Jean-Claude Juncker et Donald Trump, à la Maison Blanche, à Washington, le 25 juillet. / JOSHUA ROBERTS / REUTERS

Editorial du « Monde ». Un répit et plus si affinités. Lorsque le président de la Commission européenne, Jean-Claude Juncker, s’est envolé pour Washington afin de tenter de désamorcer l’escalade vers la guerre commerciale enclenchée par Donald Trump, il ne s’attendait sans doute pas à obtenir autant de l’impulsif président américain. Pour la première fois depuis le début de la crise, les Etats-Unis ont accepté, le 25 juillet, de modérer le ton et de troquer les ultimatums contre des discussions en bonne et due forme. Si cette accalmie est bienvenue, ses modalités restent encore très floues. L’Europe doit rester prudente face à ce qui s’apparente plus à un compromis tactique de la part de M. Trump qu’à un changement radical de stratégie.

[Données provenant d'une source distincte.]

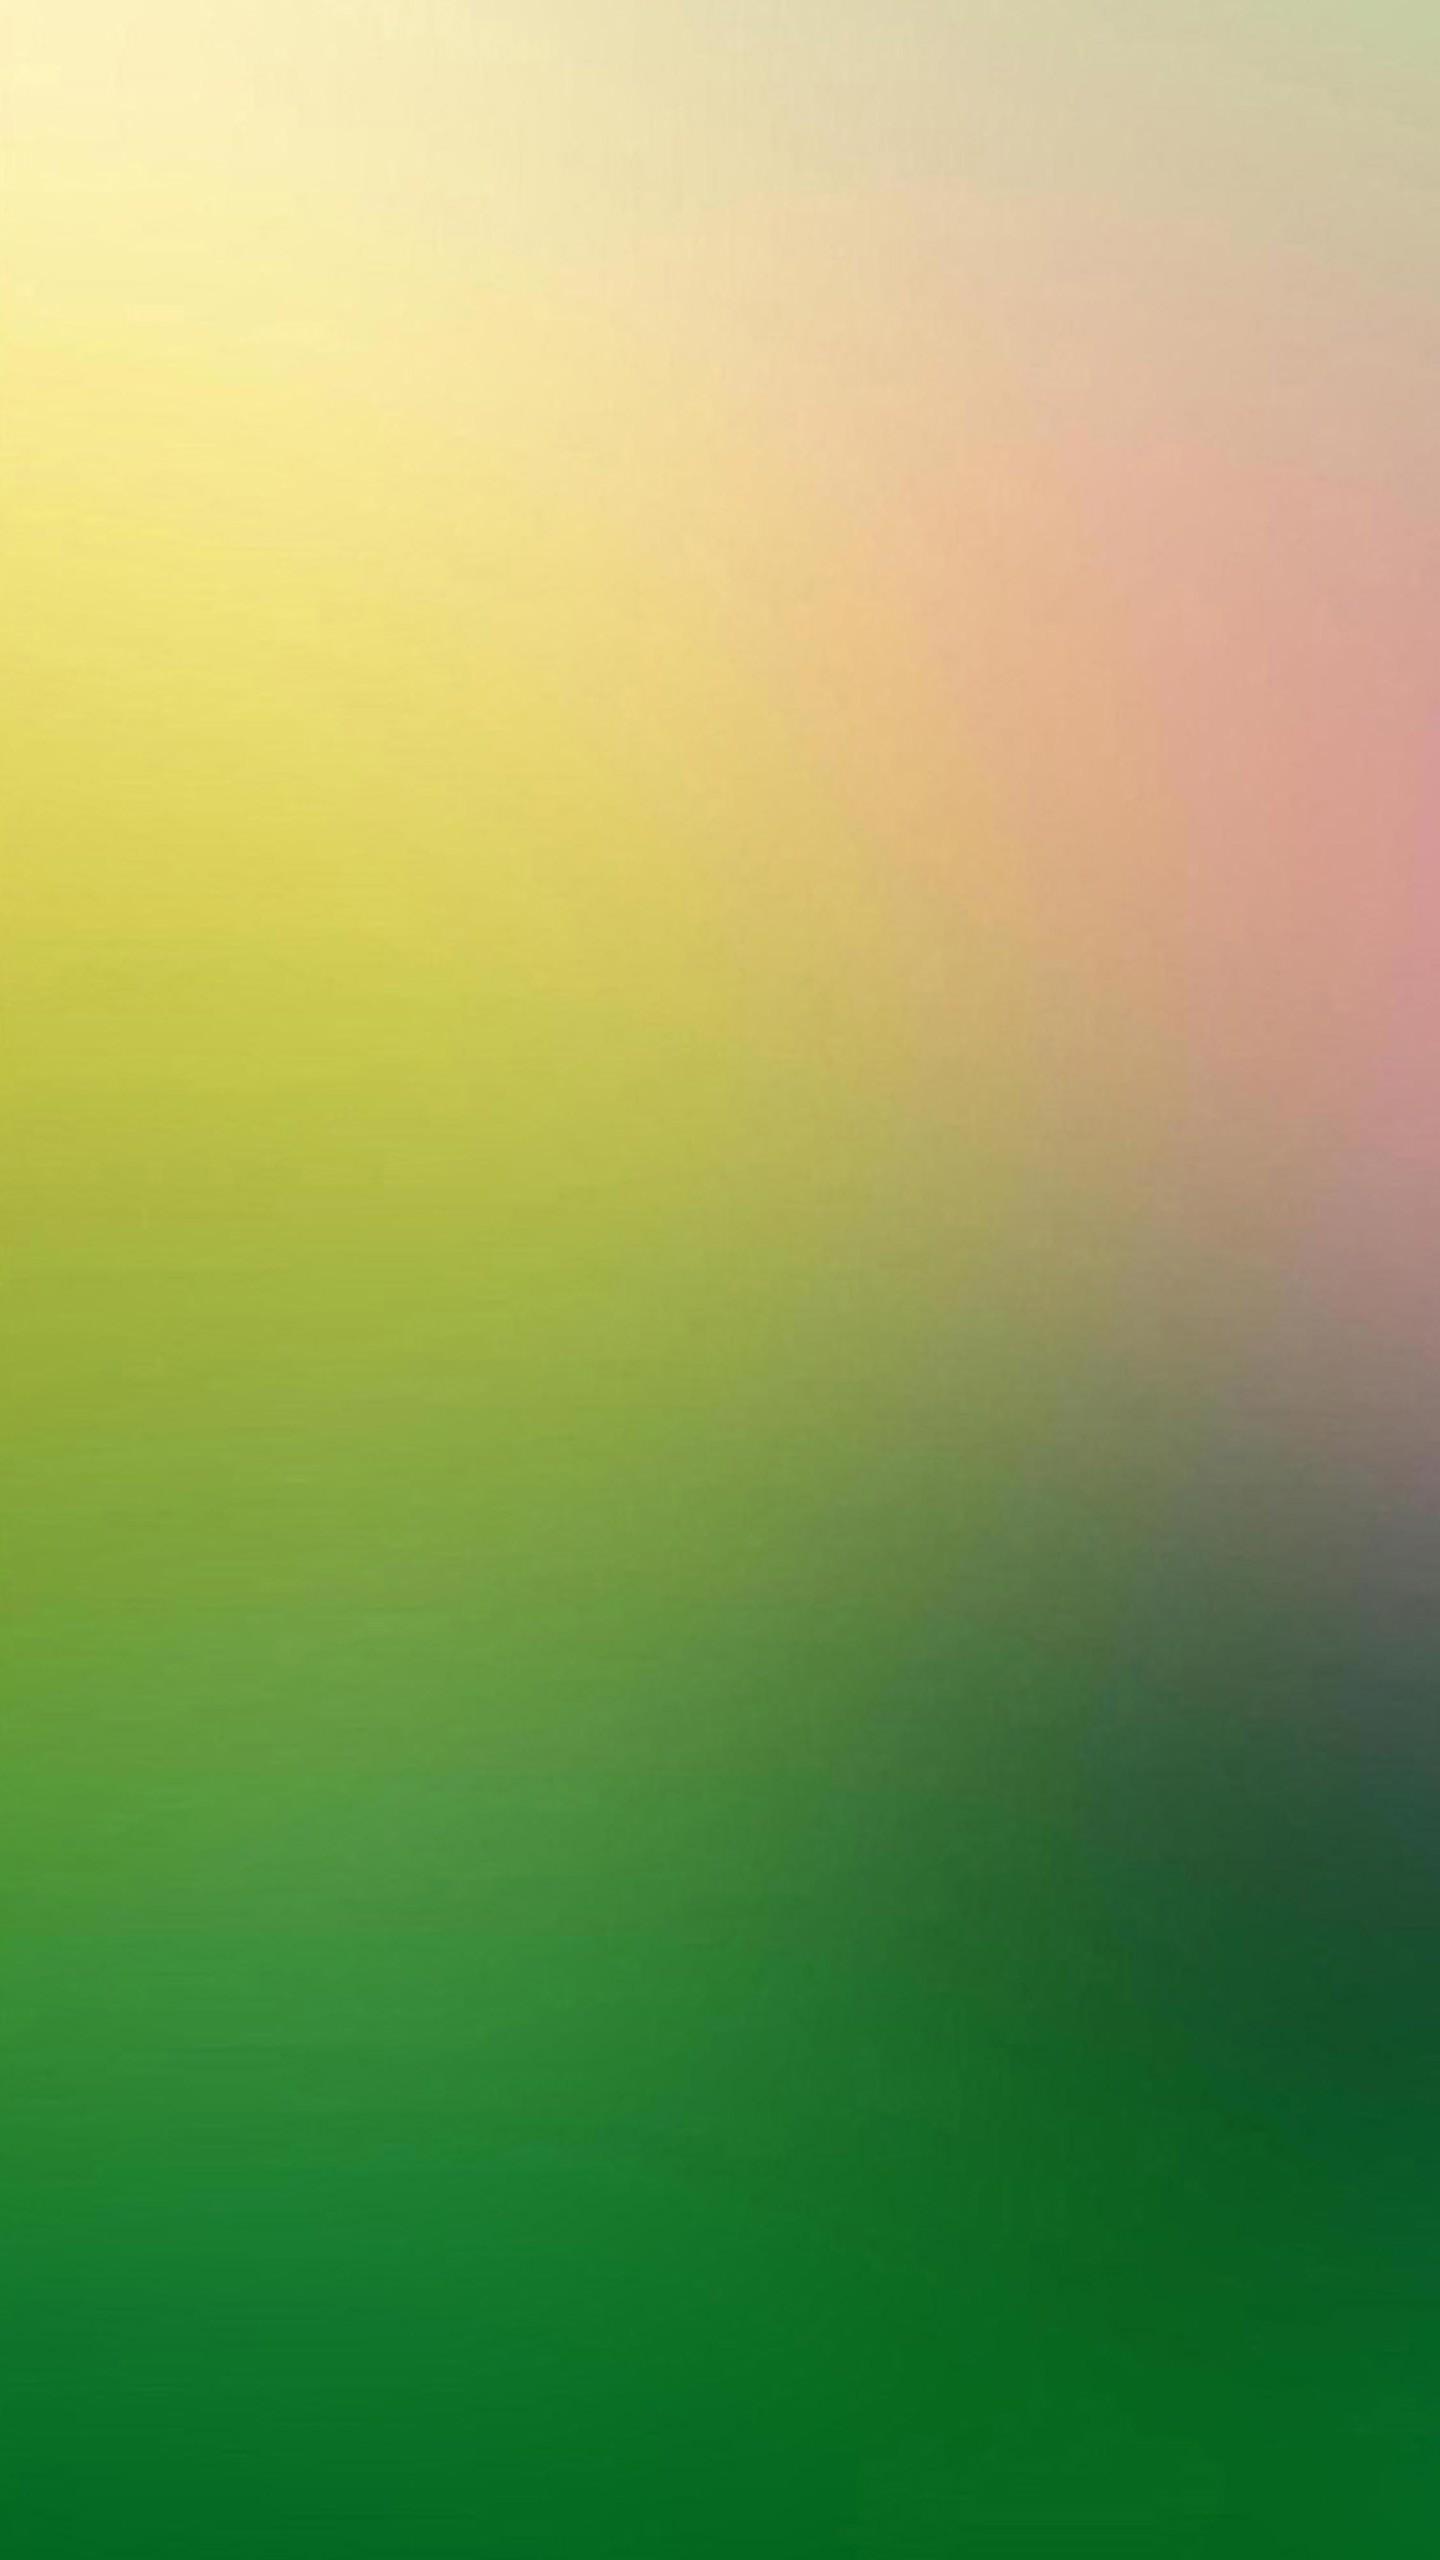 green gradient background  u00b7 u2460 download free stunning high

L’Europe a accepté d’ouvrir des discussions en vue d’éliminer les barrières commerciales transatlantiques, s’est engagée à acheter plus de soja et de gaz naturel américains, et, en contrepartie, a obtenu l’assurance que Washington reverrait sa position sur les taxes ­concernant l’acier et l’aluminium, et renoncerait, dans un premier temps, à frapper le secteur automobile. Les éléments de cette négociation ont de quoi laisser dubitatif.

D’abord, contrairement à la ligne adoptée jusque-là, l’UE donne le sentiment d’accepter de discuter « avec un pistolet sur la tempe ». En ramenant les Européens à la table des négociations sans avoir accepté comme préalable de retirer les taxes sur l’acier et l’aluminium décidées fin juin en toute illégalité, M. Trump marque un point. La France a pris ses distances avec cette approche, qui risque d’entraîner l’UE sur le terrain du président américain sans avoir rien obtenu de concret.

Par ailleurs, les termes de cette négociation se heurtent aux règles de l’Organisation mondiale du commerce (OMC) sur les accords préférentiels. Ce serait un nouveau coup de canif donné au multilatéralisme, que M. Trump voue aux gémonies. Enfin, annoncer des négociations avec le seul pays qui a quitté l’accord de Paris sur le climat ne fait qu’affaiblir un peu plus cet accord.

Calculs de court terme

Les promesses de l’UE paraissent difficilement tenables. Le gaz américain coûte deux fois plus cher que le gaz russe, et il faudrait que les Européens se dotent de coûteuses infrastructures pour pouvoir changer leurs sources d’approvisionnement. Quant au soja, c’est un sujet qui dépend des marchés agricoles mondiaux, pas d’un accord politique. Les Européens en achèteront aux Américains s’il est compétitif et en fonction de leurs besoins, pas pour faire plaisir aux agriculteurs du Midwest.

La déclaration d’intention signée à Washington semble répondre à des calculs de court terme. La politique commerciale de M. Trump commence à provoquer la grogne des agriculteurs, de certains industriels et d’élus du Parti républicain. Le président avait besoin de faire retomber la pression. D’autre part, ce rapprochement avec l’UE peut être vu comme un moyen d’isoler la Chine, qui reste son principal sujet de préoccupation.

De son côté, M. Juncker obtient un sursis sur l’automobile, à la grande satisfaction de l’Allemagne. C’est un deuxième point pour M. Trump, qui parvient à entretenir les divisions au sein de l’UE. Celle-ci n’est pas à l’abri d’un nouveau revirement américain. Gagner du temps comme elle vient de le faire n’est qu’un pis-aller. Les Européens doivent poursuivre leur objectif de long terme : réinventer un multilatéralisme renforcé mais plus équitable, dans le cadre de l’OMC, avec ou sans les Etats-Unis.